Your task is to repeat all of the data exactly while excluding the pictures.

__DATA BLOCK__.
------------------------------

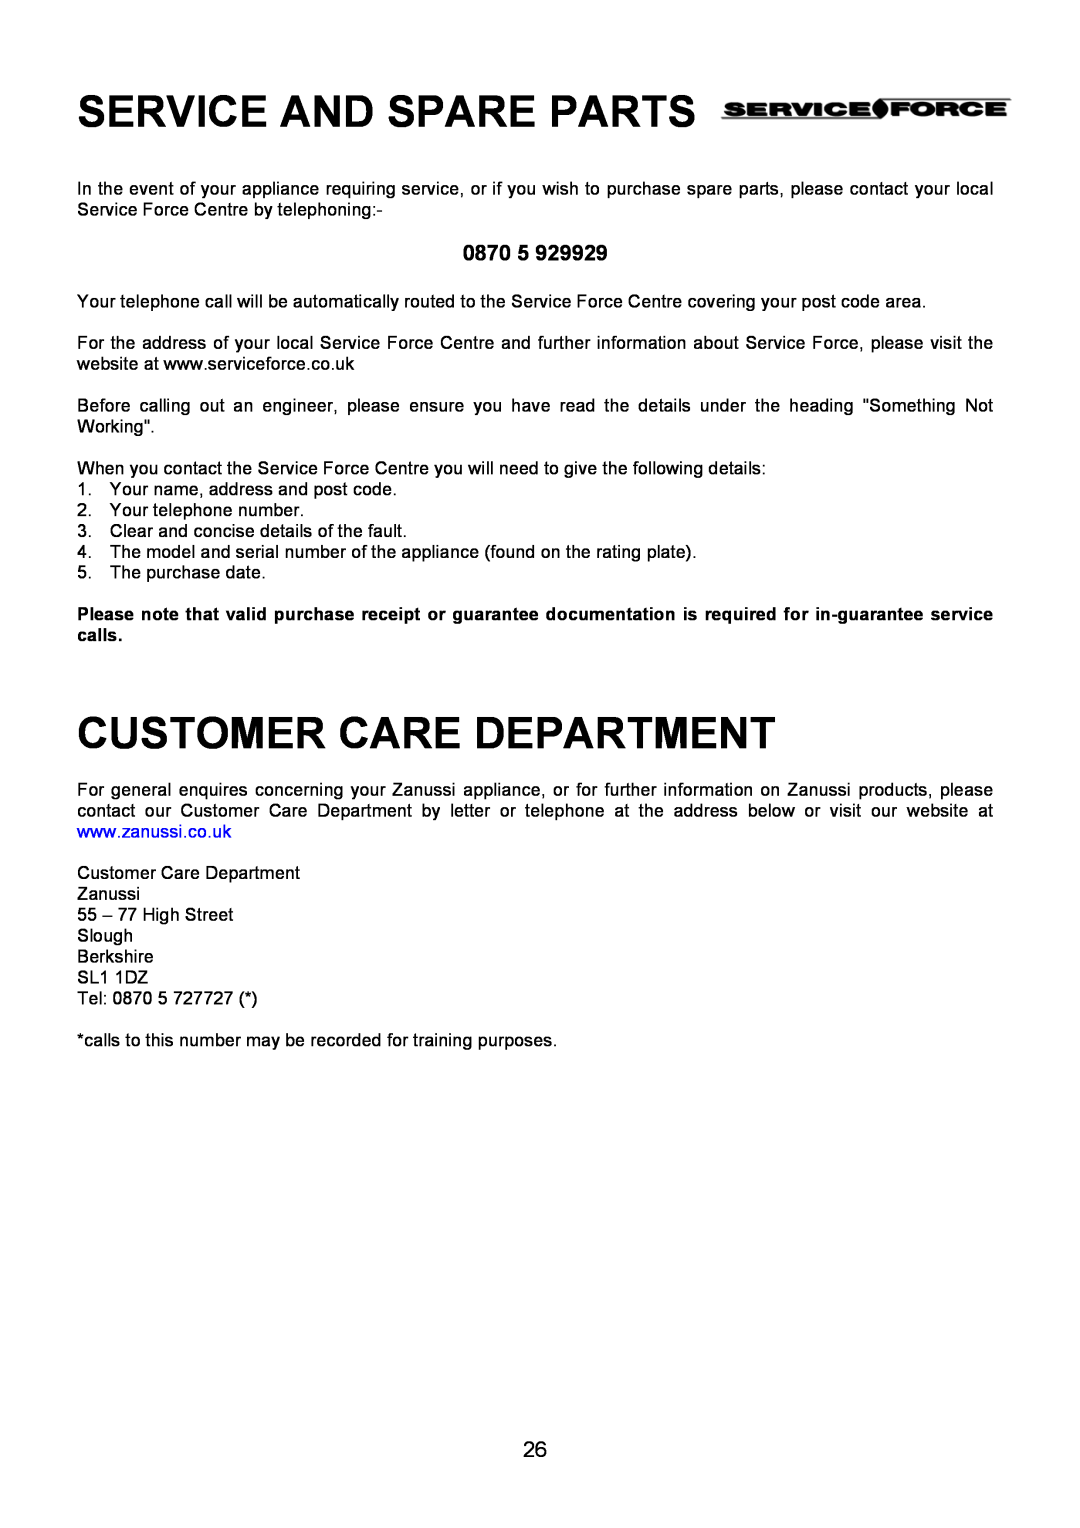 Zanussi ZCM 7901 manual 0870, Service And Spare Parts, Customer Care Department 
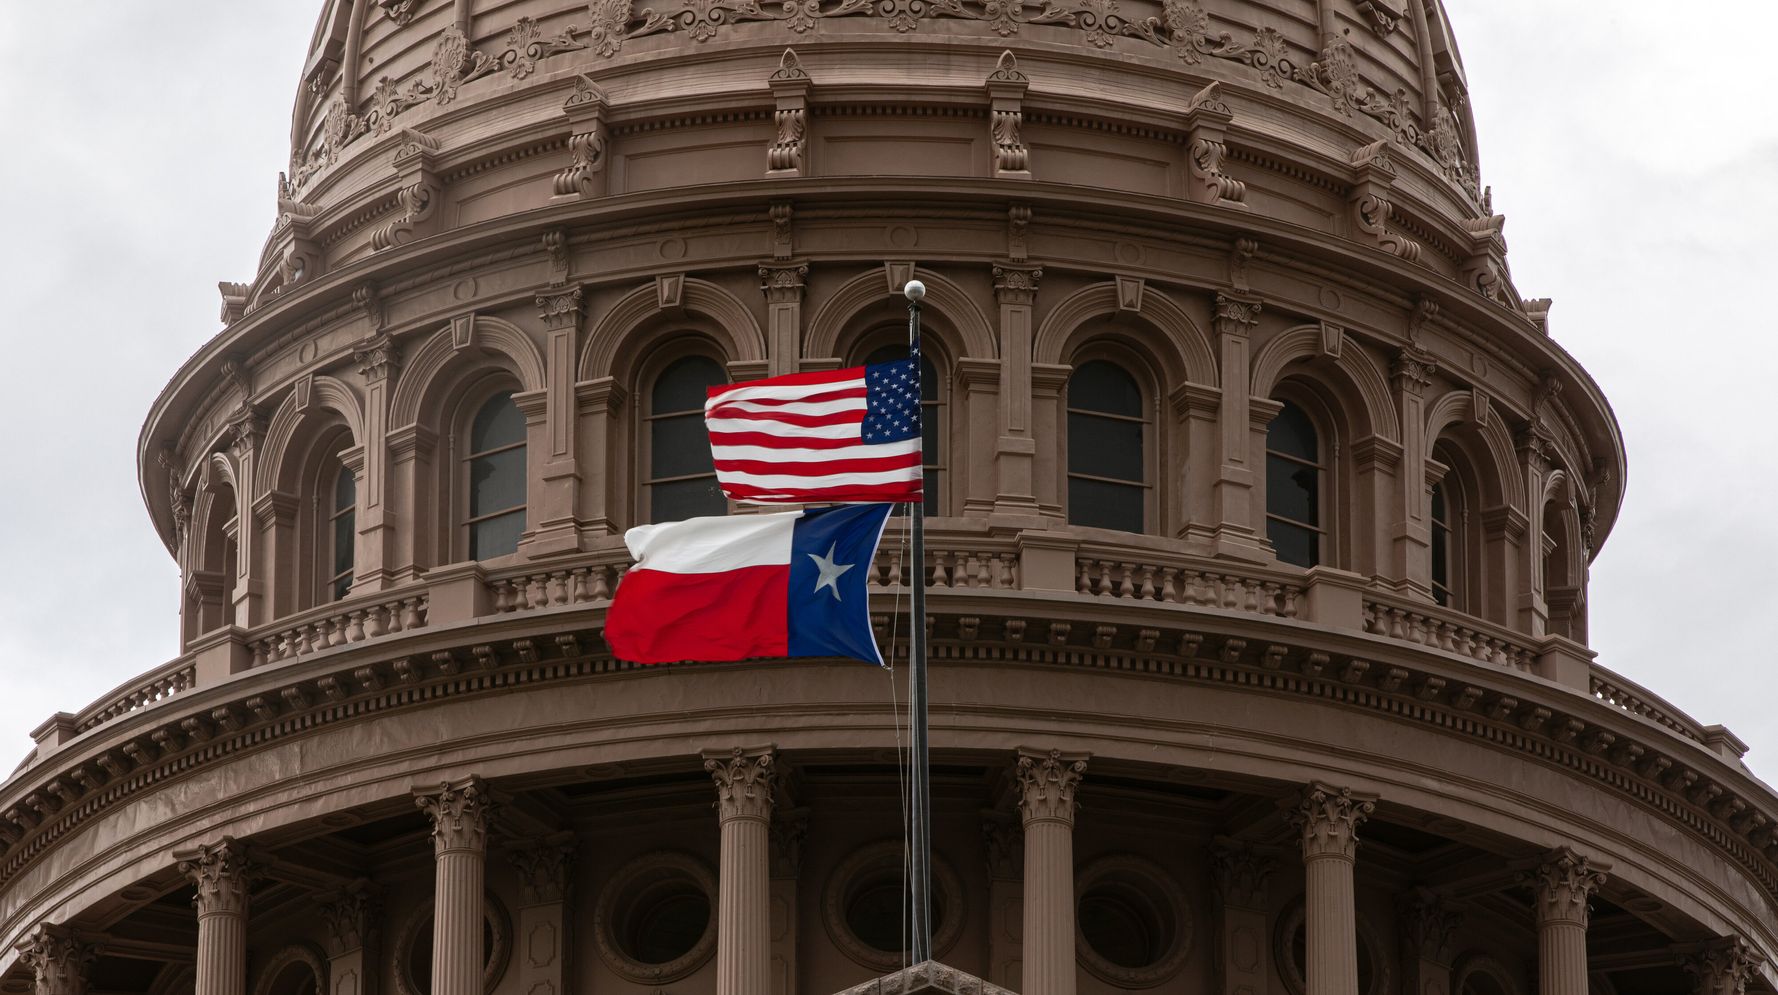 Texas Democrats To Leave State In Effort To Block Restrictive Voting Laws
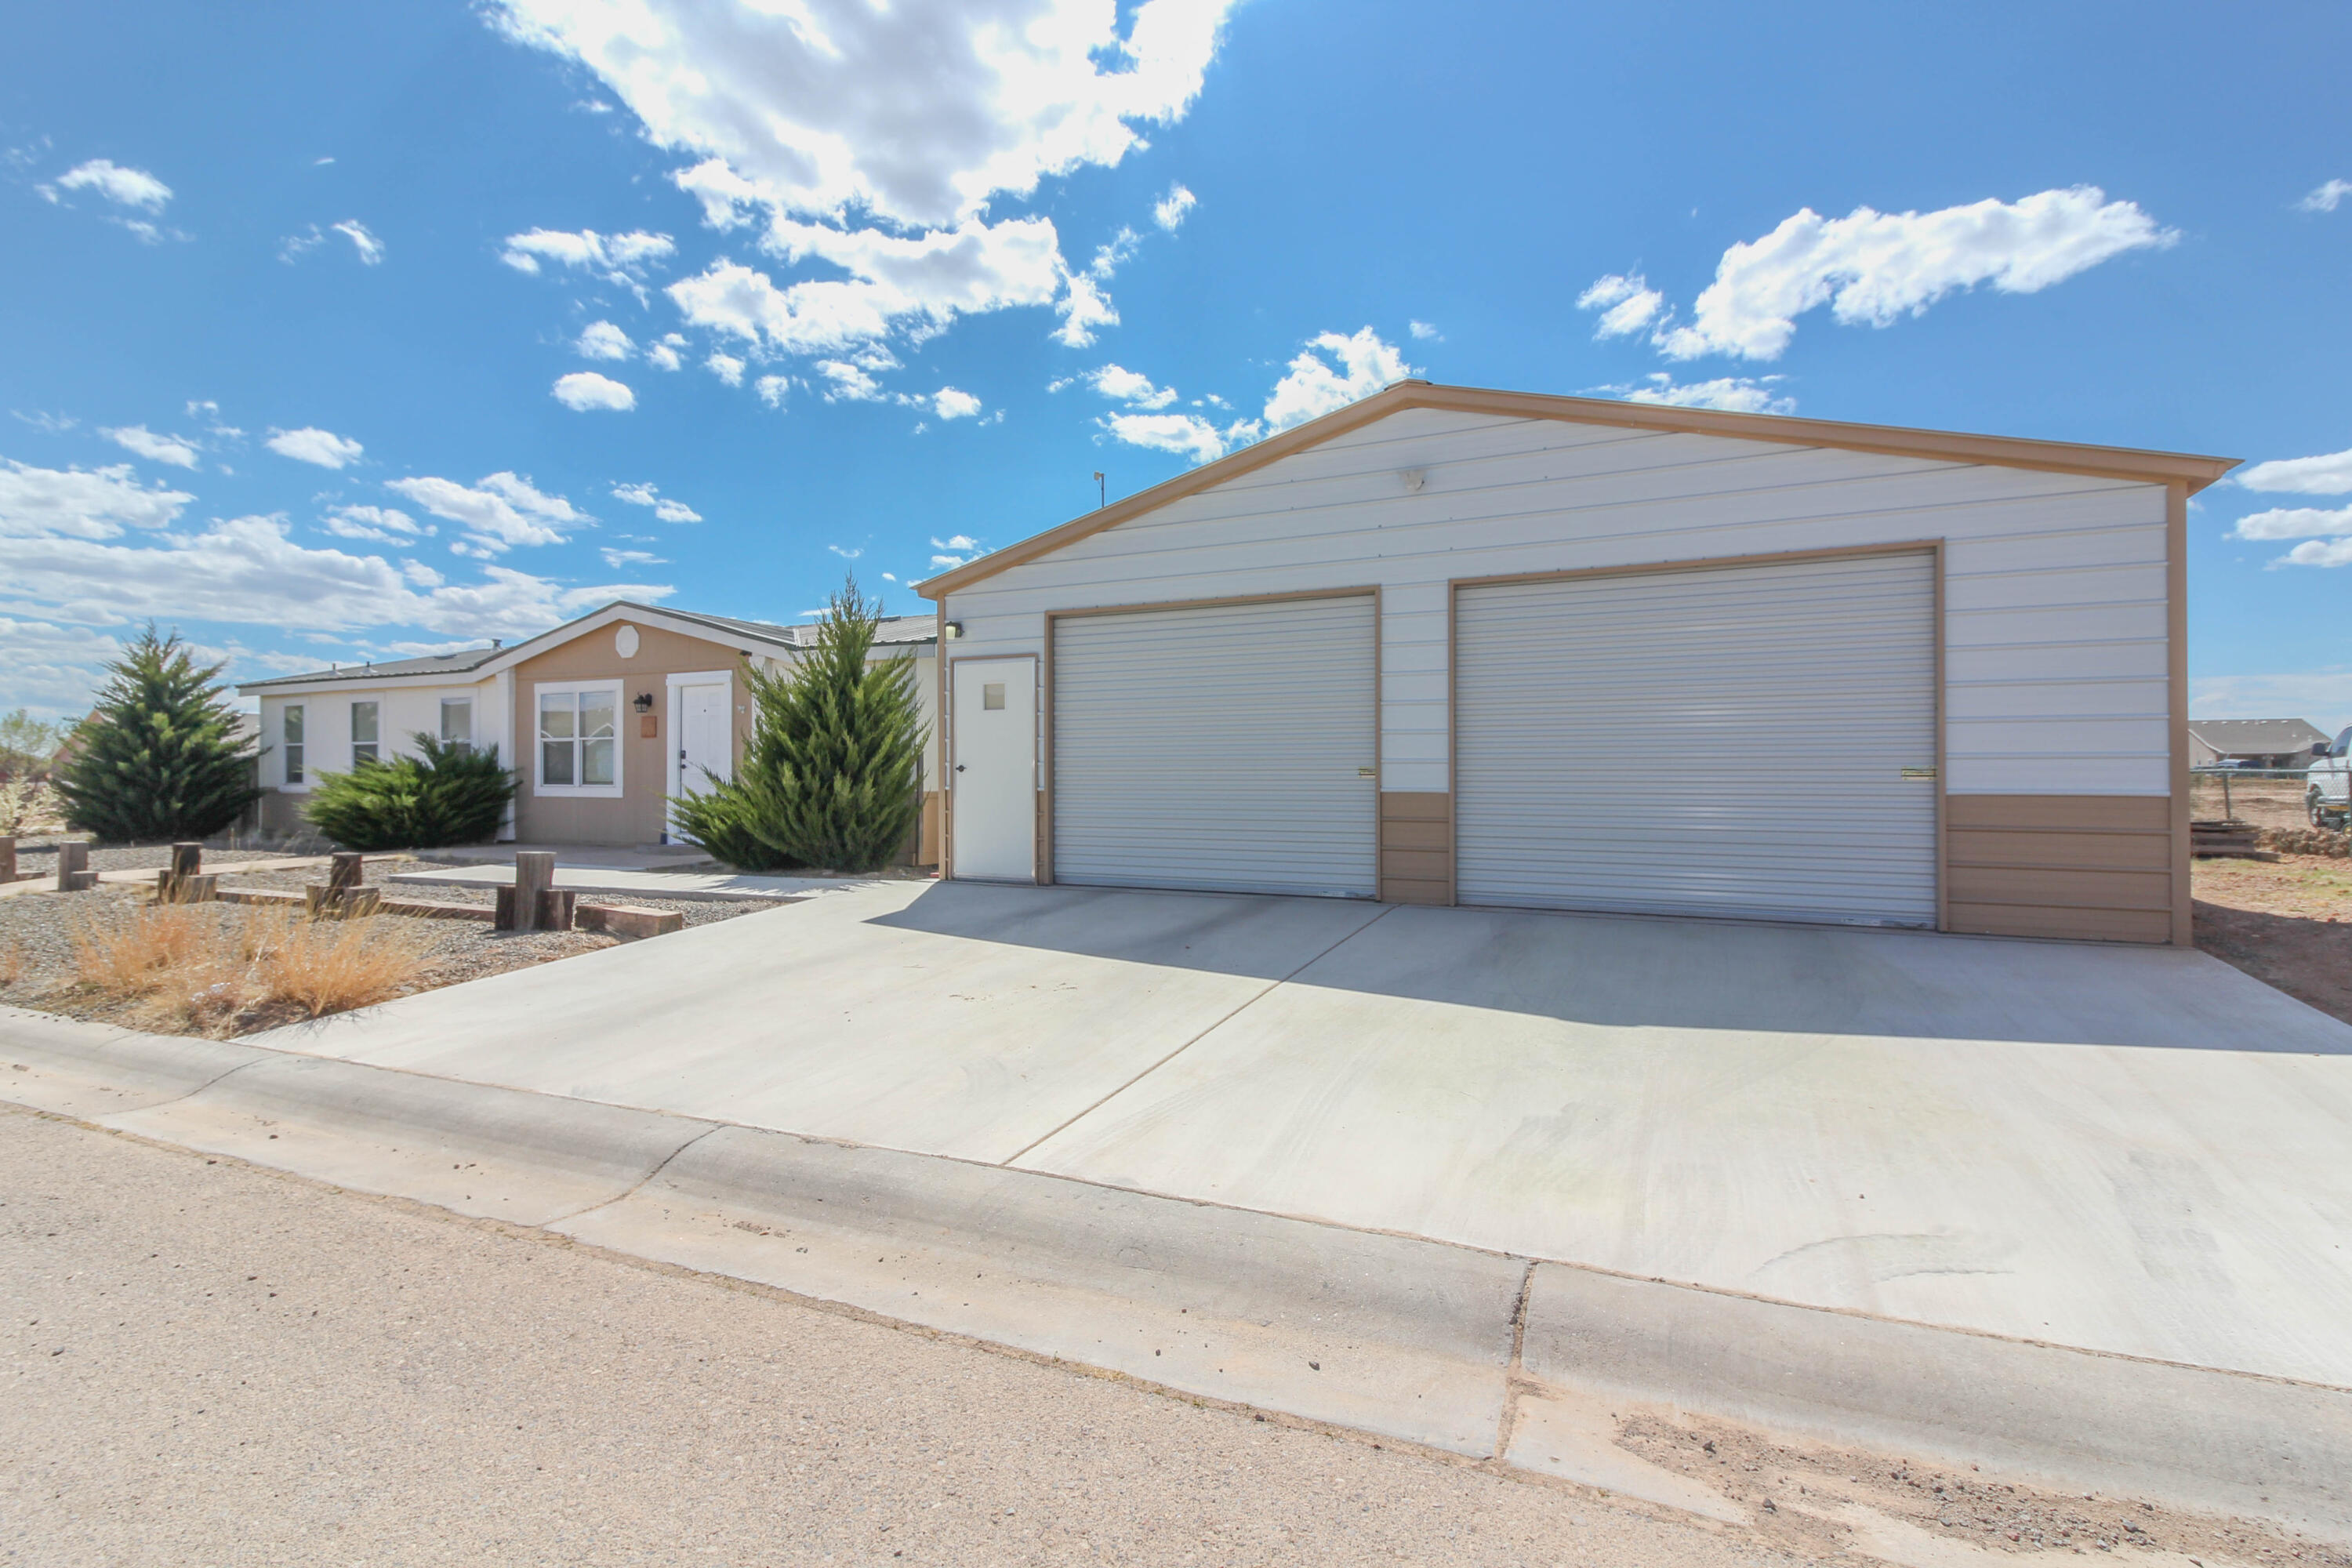 509 Camino Andres, Moriarty, New Mexico 87035, 3 Bedrooms Bedrooms, ,2 BathroomsBathrooms,Residential,For Sale,509 Camino Andres,1061234

------------------------------

__SOLUTION TO THIS EXERCISE__.
 Zanussi ZCM 7901 manual 0870, Service And Spare Parts, Customer Care Department 
 Texas Democrats To Leave State In Effort To Block Restrictive Voting Laws
 509 Camino Andres, Moriarty, New Mexico 87035, 3 Bedrooms Bedrooms, ,2 BathroomsBathrooms,Residential,For Sale,509 Camino Andres,1061234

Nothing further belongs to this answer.